**Assigned task:** Transcribe the entries below exactly.

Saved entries
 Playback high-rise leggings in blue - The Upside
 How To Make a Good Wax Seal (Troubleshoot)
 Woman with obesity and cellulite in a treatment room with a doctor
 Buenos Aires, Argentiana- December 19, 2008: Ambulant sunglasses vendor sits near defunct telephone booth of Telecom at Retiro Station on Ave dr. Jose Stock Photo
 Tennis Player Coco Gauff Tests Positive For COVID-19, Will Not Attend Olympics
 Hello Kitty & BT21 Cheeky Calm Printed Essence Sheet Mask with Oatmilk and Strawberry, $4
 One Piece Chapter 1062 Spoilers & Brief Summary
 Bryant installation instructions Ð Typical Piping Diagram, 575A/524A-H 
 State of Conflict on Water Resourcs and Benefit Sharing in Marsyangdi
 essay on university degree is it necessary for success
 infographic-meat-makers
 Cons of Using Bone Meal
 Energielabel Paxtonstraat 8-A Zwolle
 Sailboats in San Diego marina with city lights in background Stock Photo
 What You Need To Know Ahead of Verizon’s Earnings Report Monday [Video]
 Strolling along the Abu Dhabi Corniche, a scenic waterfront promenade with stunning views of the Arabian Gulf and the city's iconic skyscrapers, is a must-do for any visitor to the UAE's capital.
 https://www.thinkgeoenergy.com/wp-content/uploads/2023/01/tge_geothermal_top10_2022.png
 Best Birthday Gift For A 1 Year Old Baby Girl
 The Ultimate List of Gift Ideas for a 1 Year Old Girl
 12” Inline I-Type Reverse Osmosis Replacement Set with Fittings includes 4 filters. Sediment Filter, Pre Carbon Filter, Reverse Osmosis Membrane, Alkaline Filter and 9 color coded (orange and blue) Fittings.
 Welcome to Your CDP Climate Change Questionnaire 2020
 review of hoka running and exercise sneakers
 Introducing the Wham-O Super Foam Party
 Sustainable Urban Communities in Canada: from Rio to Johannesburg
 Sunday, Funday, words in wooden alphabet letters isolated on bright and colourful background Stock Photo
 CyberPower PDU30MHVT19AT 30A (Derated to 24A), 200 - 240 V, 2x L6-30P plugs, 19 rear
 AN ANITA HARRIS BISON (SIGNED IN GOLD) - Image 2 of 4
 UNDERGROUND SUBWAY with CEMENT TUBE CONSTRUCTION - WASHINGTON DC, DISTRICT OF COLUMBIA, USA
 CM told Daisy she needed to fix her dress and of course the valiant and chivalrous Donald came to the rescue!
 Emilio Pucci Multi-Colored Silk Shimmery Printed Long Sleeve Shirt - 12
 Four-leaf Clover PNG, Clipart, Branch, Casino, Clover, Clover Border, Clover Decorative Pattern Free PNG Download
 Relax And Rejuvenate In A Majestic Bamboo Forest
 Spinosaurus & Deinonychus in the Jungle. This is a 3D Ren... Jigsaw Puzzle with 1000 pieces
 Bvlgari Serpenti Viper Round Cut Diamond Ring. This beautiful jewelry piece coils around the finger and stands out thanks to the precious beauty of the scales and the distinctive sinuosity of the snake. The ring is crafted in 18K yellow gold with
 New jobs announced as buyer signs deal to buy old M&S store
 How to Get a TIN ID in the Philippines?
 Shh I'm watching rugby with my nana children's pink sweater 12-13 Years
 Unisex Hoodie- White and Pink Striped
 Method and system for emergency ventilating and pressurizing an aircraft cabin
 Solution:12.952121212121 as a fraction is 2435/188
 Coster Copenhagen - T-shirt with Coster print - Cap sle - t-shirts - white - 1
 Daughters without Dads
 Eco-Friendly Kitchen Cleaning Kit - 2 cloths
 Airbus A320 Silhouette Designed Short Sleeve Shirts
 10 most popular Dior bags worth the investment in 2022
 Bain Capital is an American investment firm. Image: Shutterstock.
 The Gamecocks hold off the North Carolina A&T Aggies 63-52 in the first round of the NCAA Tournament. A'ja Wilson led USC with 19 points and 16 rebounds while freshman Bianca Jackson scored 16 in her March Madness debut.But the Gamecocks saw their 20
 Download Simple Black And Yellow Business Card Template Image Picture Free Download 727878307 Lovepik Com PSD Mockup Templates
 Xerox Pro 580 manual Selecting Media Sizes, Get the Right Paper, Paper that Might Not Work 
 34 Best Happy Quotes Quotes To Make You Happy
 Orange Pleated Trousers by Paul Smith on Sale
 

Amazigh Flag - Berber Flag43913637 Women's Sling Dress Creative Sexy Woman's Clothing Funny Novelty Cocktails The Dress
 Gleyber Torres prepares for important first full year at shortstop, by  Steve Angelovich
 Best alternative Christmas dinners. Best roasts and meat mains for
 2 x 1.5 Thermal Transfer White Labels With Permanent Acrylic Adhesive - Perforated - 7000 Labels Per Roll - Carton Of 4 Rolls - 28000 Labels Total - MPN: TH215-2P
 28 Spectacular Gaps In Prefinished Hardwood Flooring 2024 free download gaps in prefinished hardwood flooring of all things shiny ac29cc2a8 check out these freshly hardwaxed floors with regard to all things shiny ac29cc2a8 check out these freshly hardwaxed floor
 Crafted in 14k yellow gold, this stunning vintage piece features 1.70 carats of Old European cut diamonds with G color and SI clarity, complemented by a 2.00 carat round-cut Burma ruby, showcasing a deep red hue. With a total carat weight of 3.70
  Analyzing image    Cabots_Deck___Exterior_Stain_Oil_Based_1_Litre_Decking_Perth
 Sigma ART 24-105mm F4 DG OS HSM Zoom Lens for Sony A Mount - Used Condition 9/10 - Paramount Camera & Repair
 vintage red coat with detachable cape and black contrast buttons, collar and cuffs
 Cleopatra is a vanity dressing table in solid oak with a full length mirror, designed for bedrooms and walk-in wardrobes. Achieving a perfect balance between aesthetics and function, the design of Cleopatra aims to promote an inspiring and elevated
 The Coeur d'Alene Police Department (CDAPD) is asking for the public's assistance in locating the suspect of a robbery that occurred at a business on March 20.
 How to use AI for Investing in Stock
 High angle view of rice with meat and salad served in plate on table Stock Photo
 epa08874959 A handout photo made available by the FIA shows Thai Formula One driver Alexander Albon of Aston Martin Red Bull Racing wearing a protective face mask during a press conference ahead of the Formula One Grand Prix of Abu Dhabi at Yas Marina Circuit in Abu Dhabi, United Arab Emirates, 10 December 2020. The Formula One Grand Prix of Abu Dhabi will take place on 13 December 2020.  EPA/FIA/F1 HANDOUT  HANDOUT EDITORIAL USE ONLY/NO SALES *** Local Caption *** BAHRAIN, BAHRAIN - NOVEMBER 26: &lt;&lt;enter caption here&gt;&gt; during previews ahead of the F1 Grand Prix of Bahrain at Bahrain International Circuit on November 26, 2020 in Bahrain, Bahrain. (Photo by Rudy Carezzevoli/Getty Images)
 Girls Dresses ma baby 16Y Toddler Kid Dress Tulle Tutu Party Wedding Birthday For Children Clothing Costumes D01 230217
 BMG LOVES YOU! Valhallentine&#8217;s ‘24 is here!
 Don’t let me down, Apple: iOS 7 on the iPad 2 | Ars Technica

**Your response:**
 Playback high-rise leggings in blue - The Upside
 How To Make a Good Wax Seal (Troubleshoot)
 Woman with obesity and cellulite in a treatment room with a doctor
 Buenos Aires, Argentiana- December 19, 2008: Ambulant sunglasses vendor sits near defunct telephone booth of Telecom at Retiro Station on Ave dr. Jose Stock Photo
 Tennis Player Coco Gauff Tests Positive For COVID-19, Will Not Attend Olympics
 Hello Kitty & BT21 Cheeky Calm Printed Essence Sheet Mask with Oatmilk and Strawberry, $4
 One Piece Chapter 1062 Spoilers & Brief Summary
 Bryant installation instructions Ð Typical Piping Diagram, 575A/524A-H 
 State of Conflict on Water Resourcs and Benefit Sharing in Marsyangdi
 essay on university degree is it necessary for success
 infographic-meat-makers
 Cons of Using Bone Meal
 Energielabel Paxtonstraat 8-A Zwolle
 Sailboats in San Diego marina with city lights in background Stock Photo
 What You Need To Know Ahead of Verizon’s Earnings Report Monday [Video]
 Strolling along the Abu Dhabi Corniche, a scenic waterfront promenade with stunning views of the Arabian Gulf and the city's iconic skyscrapers, is a must-do for any visitor to the UAE's capital.
 https://www.thinkgeoenergy.com/wp-content/uploads/2023/01/tge_geothermal_top10_2022.png
 Best Birthday Gift For A 1 Year Old Baby Girl
 The Ultimate List of Gift Ideas for a 1 Year Old Girl
 12” Inline I-Type Reverse Osmosis Replacement Set with Fittings includes 4 filters. Sediment Filter, Pre Carbon Filter, Reverse Osmosis Membrane, Alkaline Filter and 9 color coded (orange and blue) Fittings.
 Welcome to Your CDP Climate Change Questionnaire 2020
 review of hoka running and exercise sneakers
 Introducing the Wham-O Super Foam Party
 Sustainable Urban Communities in Canada: from Rio to Johannesburg
 Sunday, Funday, words in wooden alphabet letters isolated on bright and colourful background Stock Photo
 CyberPower PDU30MHVT19AT 30A (Derated to 24A), 200 - 240 V, 2x L6-30P plugs, 19 rear
 AN ANITA HARRIS BISON (SIGNED IN GOLD) - Image 2 of 4
 UNDERGROUND SUBWAY with CEMENT TUBE CONSTRUCTION - WASHINGTON DC, DISTRICT OF COLUMBIA, USA
 CM told Daisy she needed to fix her dress and of course the valiant and chivalrous Donald came to the rescue!
 Emilio Pucci Multi-Colored Silk Shimmery Printed Long Sleeve Shirt - 12
 Four-leaf Clover PNG, Clipart, Branch, Casino, Clover, Clover Border, Clover Decorative Pattern Free PNG Download
 Relax And Rejuvenate In A Majestic Bamboo Forest
 Spinosaurus & Deinonychus in the Jungle. This is a 3D Ren... Jigsaw Puzzle with 1000 pieces
 Bvlgari Serpenti Viper Round Cut Diamond Ring. This beautiful jewelry piece coils around the finger and stands out thanks to the precious beauty of the scales and the distinctive sinuosity of the snake. The ring is crafted in 18K yellow gold with
 New jobs announced as buyer signs deal to buy old M&S store
 How to Get a TIN ID in the Philippines?
 Shh I'm watching rugby with my nana children's pink sweater 12-13 Years
 Unisex Hoodie- White and Pink Striped
 Method and system for emergency ventilating and pressurizing an aircraft cabin
 Solution:12.952121212121 as a fraction is 2435/188
 Coster Copenhagen - T-shirt with Coster print - Cap sle - t-shirts - white - 1
 Daughters without Dads
 Eco-Friendly Kitchen Cleaning Kit - 2 cloths
 Airbus A320 Silhouette Designed Short Sleeve Shirts
 10 most popular Dior bags worth the investment in 2022
 Bain Capital is an American investment firm. Image: Shutterstock.
 The Gamecocks hold off the North Carolina A&T Aggies 63-52 in the first round of the NCAA Tournament. A'ja Wilson led USC with 19 points and 16 rebounds while freshman Bianca Jackson scored 16 in her March Madness debut.But the Gamecocks saw their 20
 Download Simple Black And Yellow Business Card Template Image Picture Free Download 727878307 Lovepik Com PSD Mockup Templates
 Xerox Pro 580 manual Selecting Media Sizes, Get the Right Paper, Paper that Might Not Work 
 34 Best Happy Quotes Quotes To Make You Happy
 Orange Pleated Trousers by Paul Smith on Sale
 

Amazigh Flag - Berber Flag43913637 Women's Sling Dress Creative Sexy Woman's Clothing Funny Novelty Cocktails The Dress
 Gleyber Torres prepares for important first full year at shortstop, by  Steve Angelovich
 Best alternative Christmas dinners. Best roasts and meat mains for
 2 x 1.5 Thermal Transfer White Labels With Permanent Acrylic Adhesive - Perforated - 7000 Labels Per Roll - Carton Of 4 Rolls - 28000 Labels Total - MPN: TH215-2P
 28 Spectacular Gaps In Prefinished Hardwood Flooring 2024 free download gaps in prefinished hardwood flooring of all things shiny ac29cc2a8 check out these freshly hardwaxed floors with regard to all things shiny ac29cc2a8 check out these freshly hardwaxed floor
 Crafted in 14k yellow gold, this stunning vintage piece features 1.70 carats of Old European cut diamonds with G color and SI clarity, complemented by a 2.00 carat round-cut Burma ruby, showcasing a deep red hue. With a total carat weight of 3.70
  Analyzing image    Cabots_Deck___Exterior_Stain_Oil_Based_1_Litre_Decking_Perth
 Sigma ART 24-105mm F4 DG OS HSM Zoom Lens for Sony A Mount - Used Condition 9/10 - Paramount Camera & Repair
 vintage red coat with detachable cape and black contrast buttons, collar and cuffs
 Cleopatra is a vanity dressing table in solid oak with a full length mirror, designed for bedrooms and walk-in wardrobes. Achieving a perfect balance between aesthetics and function, the design of Cleopatra aims to promote an inspiring and elevated
 The Coeur d'Alene Police Department (CDAPD) is asking for the public's assistance in locating the suspect of a robbery that occurred at a business on March 20.
 How to use AI for Investing in Stock
 High angle view of rice with meat and salad served in plate on table Stock Photo
 epa08874959 A handout photo made available by the FIA shows Thai Formula One driver Alexander Albon of Aston Martin Red Bull Racing wearing a protective face mask during a press conference ahead of the Formula One Grand Prix of Abu Dhabi at Yas Marina Circuit in Abu Dhabi, United Arab Emirates, 10 December 2020. The Formula One Grand Prix of Abu Dhabi will take place on 13 December 2020.  EPA/FIA/F1 HANDOUT  HANDOUT EDITORIAL USE ONLY/NO SALES *** Local Caption *** BAHRAIN, BAHRAIN - NOVEMBER 26: &lt;&lt;enter caption here&gt;&gt; during previews ahead of the F1 Grand Prix of Bahrain at Bahrain International Circuit on November 26, 2020 in Bahrain, Bahrain. (Photo by Rudy Carezzevoli/Getty Images)
 Girls Dresses ma baby 16Y Toddler Kid Dress Tulle Tutu Party Wedding Birthday For Children Clothing Costumes D01 230217
 BMG LOVES YOU! Valhallentine&#8217;s ‘24 is here!
 Don’t let me down, Apple: iOS 7 on the iPad 2 | Ars Technica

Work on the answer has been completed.